In a datacenter this usally is much less important than on a desktop or laptop, as nameservers rarely change. Though we still use nscd because mysql versions prior to 5.6 (not yet GA) have a ridiculously small host cache, which effectively means that it does a PTR lookup for every incoming connection. nscd has it's own problems though: in CentOS 4 for instance, nscd was rather buggy so we had to make it restart itself every hour. Yes, that very same hour as the interval between problems.
So what happens if nscd restarts? You fall back to nss_dns. When it does that, these PTR queries go to unreachable IP addresses, timing out after 5 seconds. But because our application times out after 2, this wasn't really visible. The application only saw that MySQL failed to respond promptly.
High availibility
So why was falling back to nss_dns bad? And why wasn't this a problem until a few weeks ago? Ironically, this was caused by switching to highly available nameservers. We strongly believe that we need to be able to take any machine out for maintenance, including reboots. So for DNS, we switched to using clusters of machines using pacemaker/corosync. And since turning a "normal" address into a highly available vip with no downtime is nigh on impossible, many DNS server IP addresses had to change. A lot of services on each box were restarted, but mysql didn't seem to need that.
So there's the missing piece of the puzzle made from bugs:
- Use nscd to work around a mysql limitation
- Restart nscd regularly to work around an nscd bug
- Switch to HA clusters for DNS servers, fixing a bug in our infrastructure
- Forget glibc's broken resolver behaviour as it's not really visible
Perfect storm of bugs, nasty to track down. Long story short: if you change a dns server's IP, you better reboot your datacenter. In other words, don't change DNS server IP's.
It's never lupus
Except when it is. Like House never accepting a diagnosis of lupus, network engineers and sysadmins have a tendency to not believe there are network and dns problems. This is actually very reasonable, given that most problems that appear as network or dns problems are caused by misbehaving applications, causing problems that look like network or dns problems. But there's always the one episode where you finally have a case of lupus. Or do you? Is this really a DNS problem...?
henkjan on 10/16/2012 11:09 a.m. #
maybe add 'skip-name-resolv' to your mysql config files. (no reason to do al those lookups)
mysql> show variables like '%resolve%';
+-------------------+-------+
| Variable_name | Value |
+-------------------+-------+
| skip_name_resolve | ON |
+-------------------+-------+
sadig on 10/17/2012 10:15 a.m. #
As Henkjan said,
skip_name_resolve can sometimes be a performance boost.
And regarding the HA cluster:
I would go more for ipvs/ldirectord loadbalancing DNS servers, instead of pacemaker/corosync.
Reason:
Normally you have more requests to your DNS and you want them loadbalanced.
e.g. you run your DNS on VMs (which can be a good idea, because you can spread them across several HVs) so ipvs/ldirectord will balance them (rr i.e.). Furthermore, you add checks to ldirectord to ask directly the real DNS servers, and if this check is successful it will held this server in the loadbalancing.
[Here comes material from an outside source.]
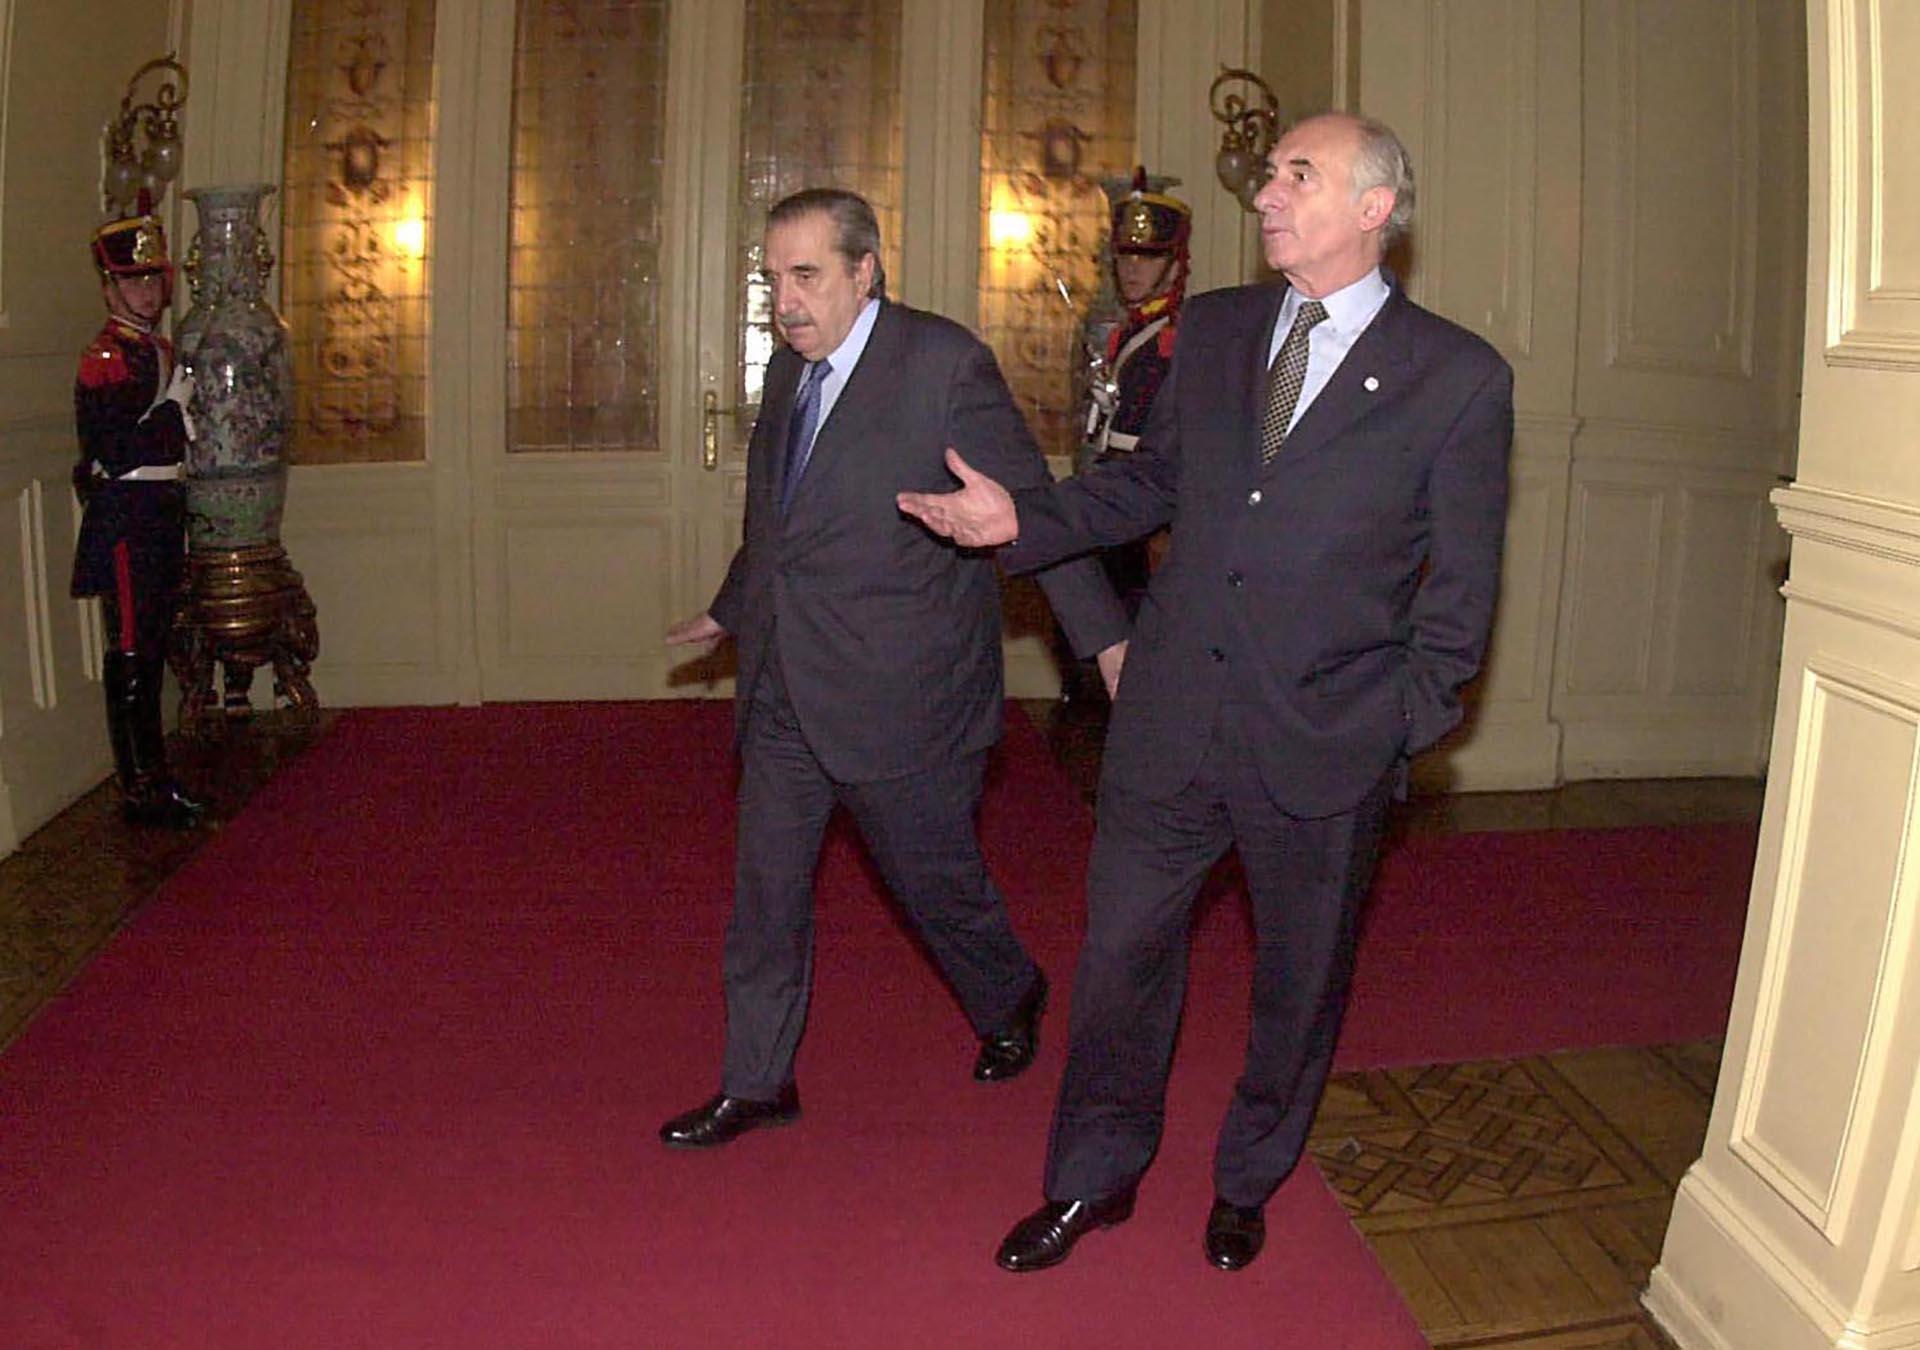 En Casa Rosada, junto con ex presidente Raúl Alfonsín. Son los últimos dos mandatarios radicales que gobernaron el país en tiempos de democracia

Now, you want to update/upgrade one of the real DNS servers, you just bring down the DNS Service, and the check of ldirectord will fail, it takes this realserver out of the Loadbalancing, and you can do your update/upgrade without service interruption and one of the advantages, you don't have to deal with failover work via crm.
And another goodie, ipvs/ldirectord setups are more easily maintainable via puppet or chef ;)
Regards,
\sh
Dennis Kaarsemaker on 10/17/2012 9:37 p.m. #
skip_name_resolve only works if you have no grants with (parts of) hostnames in them, so it's not a very good solution.
lvs/ldirectord wouldn't have prevented this as we'd still have to change the IP addresses. As far as managability goes, crm has been fully puppetized here and all health checks and failovers are automatic.